Von Magdeburg aus ging 2017 es durch die Börde in das Braunschweigische Land, um über Hildesheim in das Weserbergland zu gelangen. Die erste längere Wanderung brachten Übernachtungen in einem ersten „echten Kloster“ und in einer evangelischen Abtei. Drei UNESCO-Weltkulturerbestätte habe ich nebenbei erwandert. Höhe- und Schlusspunkt: Kloster Corvey. Zwischen Eilsleben und Braunschweig wurde „Ostfalen“ für mich greifbar: Marienborn als stiller Wallfahrtsort neben der gewaltigen DDR-Grenzanlage, der Schritt nach Niedersachsen am Lappwald – und dann Luxus pur: perfekte Pilgerbeschilderung bis Braunschweig. Räbke schenkte Herbergsglück und Mühlengeschichten, Königslutter begeisterte mit Stadtkirche und Kaiserdom, der Elm trug mich nach Veltheim in eine frisch erkämpfte Pilgerhütte – Europa im Kleinen. In Braunschweig reihten sich offene Kirchen, Dom St. Blasii, St. Ulrici-Brüdern und die Jakob-Kemenate wie eine Lehrstunde in Stadtgeschichte. Über Ottbergen und den Vorholz erreichte ich Hildesheim (UNESCO-Dom, St. Michaelis) und endlich ein lebendiges Klosterleben in Marienrode. Sturm „Xavier“, ein Gratis-Latte im Domfoyer, Alfelds Fachwerkglanz und das Fagus-Werk markierten Kontraste, bevor Amelungsborn mit Pilgerinnenrunde, Rotwein und Pizza die Seele wärmte. Durch das Weserbergland – schön, dann trist in Holzminden – führte der Weg zur Weser und hinüber nach Nordrhein-Westfalen: Corvey/Höxter. Heimat in Sicht – das Hochstift Paderborn ruft.

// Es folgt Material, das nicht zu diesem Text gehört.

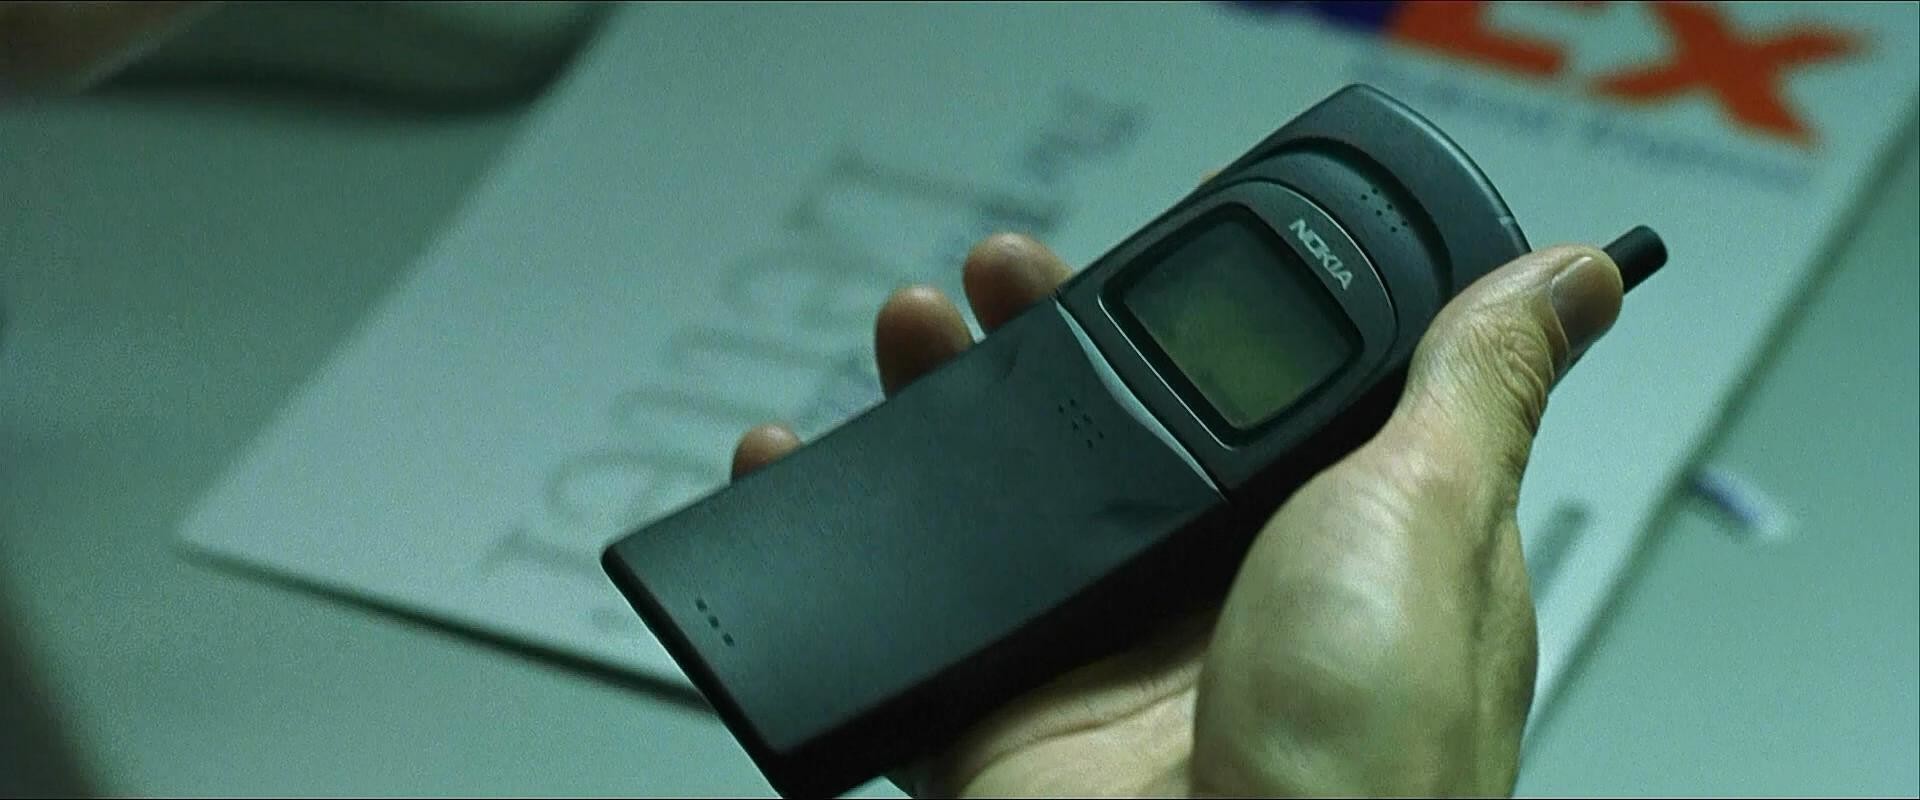 Телефон из матрицы. Nokia 8110 Нео. Nokia 8110 Matrix. Матрица нокиа 8110. Телефон из матрицы Nokia 8110.

👣 Mein ausführlicher Bericht von Eilsleben nach Braunschweig

👣 Mein ausführlicher Bericht von Braunschweig nach Westfalen

Königslutter
Niedersachsen Jakobsweg
Der gesamte Weg in Niedersachsen von Helmstedt nach Kloster Corvey

2018: Westfalen

2018 ging es von Corvey an der Weser über meine Heimat Hochstift Paderborn in das Hochsauerland. Natur pur mit Fachwerk, Kapellen und Bergbaustollen. Von Corvey über Heiligenberg und Ovenhausen (Blaskapelle, Humor & Stempel-Mission) ging es hinein in meine Heimat: bergig, wetterlaunig, mit Fisselregen im Nethetal und Sturm auf der Egge. Kloster Brede schenkte mir Schwester-Gastfreundschaft, über Rheder, Gehrden und Dringenberg erreichte ich Bad Driburg, dann im Plädderregen auf die Iburg und weiter über Schwaney in die „Paderborn Highlands“. In Paderborn sammelte ich am Paradiesportal, im Dom und in der Busdorfkirche die Pilgerspuren meiner Kindheit, bevor der neu markierte Jakobsweg nach Elspe mich via Hillige Seele, Atteln/Husen (Familienhalt), Dalheim und das aufragende Marsberg führte. Giershagen bot Pfarrheim, Abendbrot und Gespräch, danach durch das schöne Sauerland mit Abstecher ins Bergarbeiter-Ramsbeck, barockem Remblinghausen und herzlichem Eslohe (Messe, Domschänke, Übernachtung im Jugendheim). Über Hofkapellen und Frühstück in Bremscheid erreichte ich Elspe, wo die Heidenstraße begann – Stempeljagd inklusive – und schloss die Etappe in Grevenbrück. Heimat, Klöster, offene Türen: anstrengend, beglückend – und wieder ein großes Stück näher an Santiago.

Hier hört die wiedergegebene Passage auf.